Salah satu hasil dari konsensus ini adalah 'rezim persetujuan', yang membuka jalan bagi monetisasi data pribadi. Anda mencentang kotak untuk memberikan 'persetujuan' Anda dan itu saja, sejauh menyangkut privasi Anda – sekarang ini adalah komoditas yang dapat diperdagangkan. Namun apakah boleh memiliki pasar untuk privasi? Atau, apakah ini mirip dengan pasar organ, donor darah, atau pekerja anak?
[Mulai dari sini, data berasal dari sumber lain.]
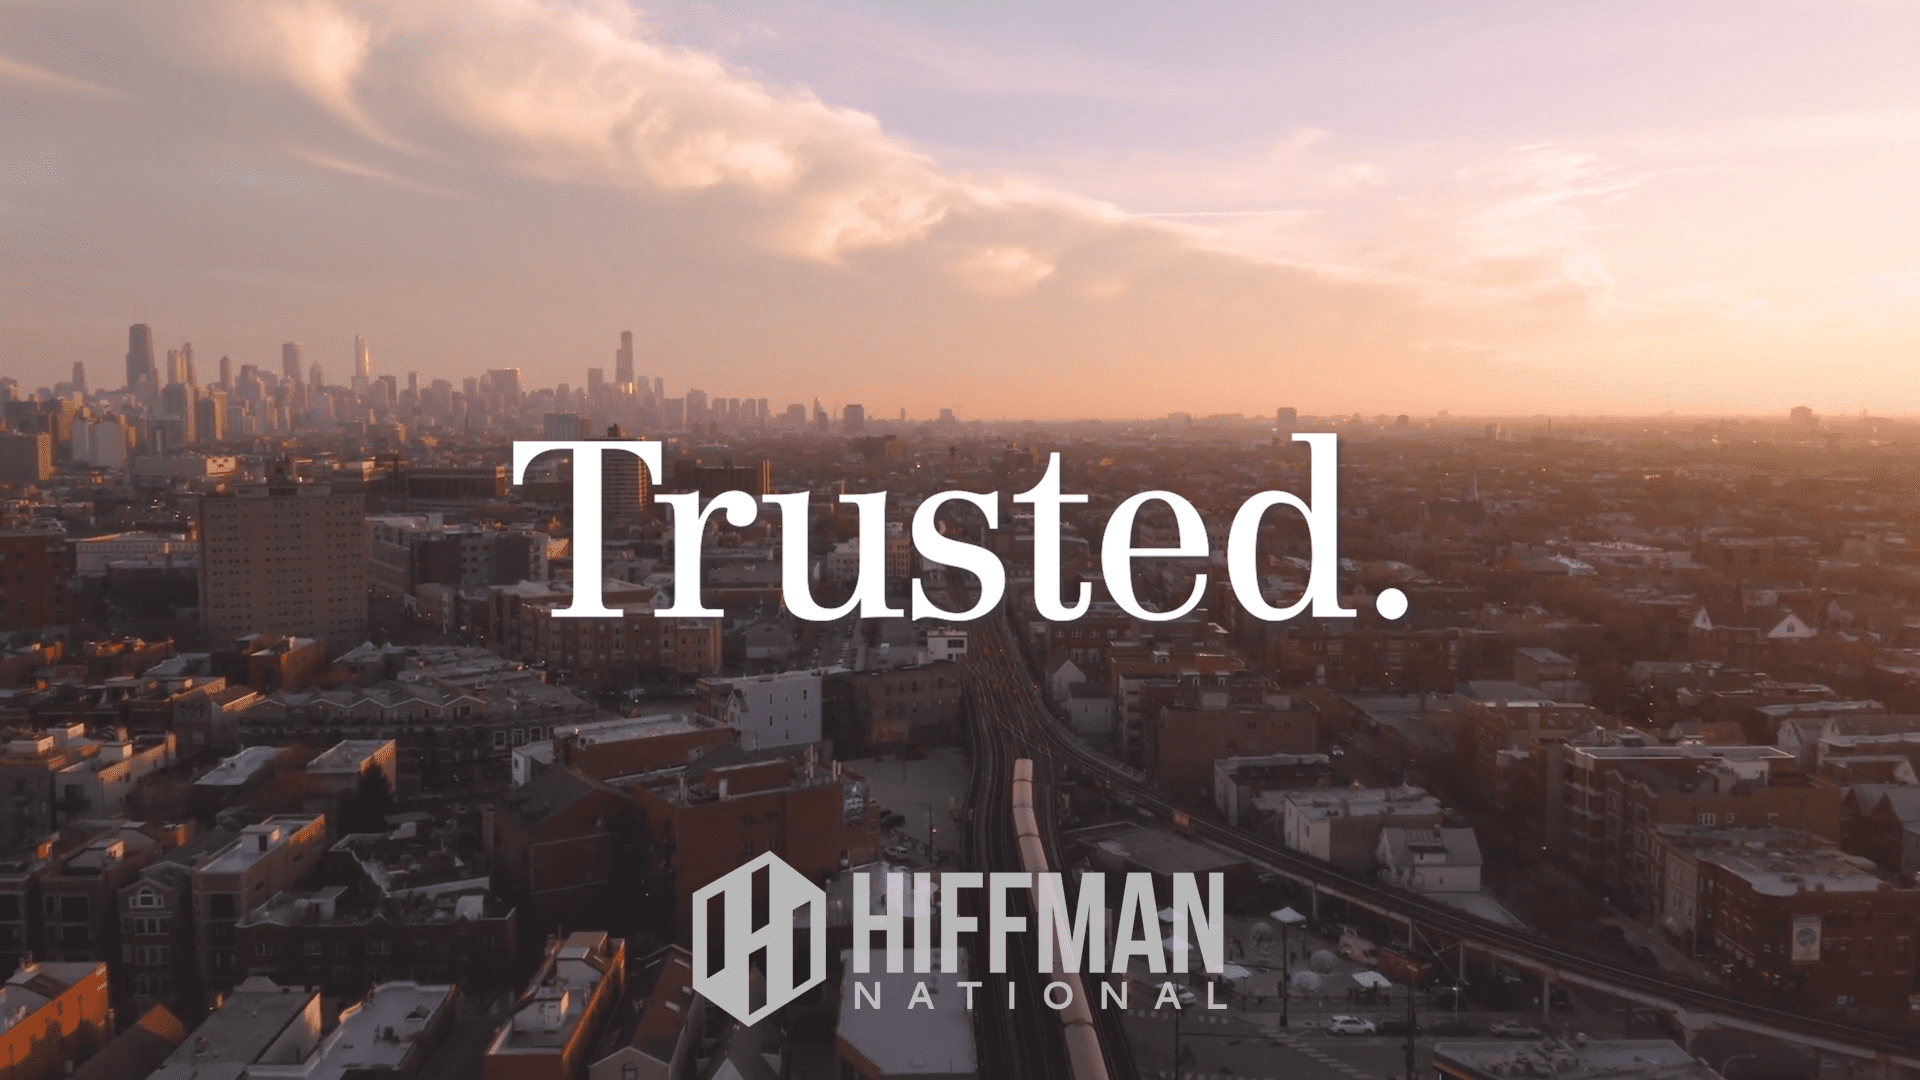 Hiffman National Commercial Debuts in National Markets

Sebuah makalah ilmiah baru berjudul, 'Data dan Privasi: Menempatkan pasar pada tempatnya' menggunakan konsep ekonomi “pasar berbahaya” untuk mempertanyakan apakah privasi harus menjadi komoditas yang dapat diperdagangkan. Bagaimana jika itu bukan sesuatu yang harus diperdagangkan?
Tamu: Reetika Khera, Profesor Ekonomi di IIT, Delhi
Tuan rumah: G Sampath, Editor Urusan Sosial, The Hindu
Ditembak oleh Jude Weston & Almas Mohammad
Produser dan editor: Yudas Weston
Untuk episode In Focus lainnya:
Diterbitkan – 06 April 2026 18:39 WIB
[ad_2]
Podcast Dalam Fokus | Haruskah privasi menjadi hak yang dapat diperdagangkan?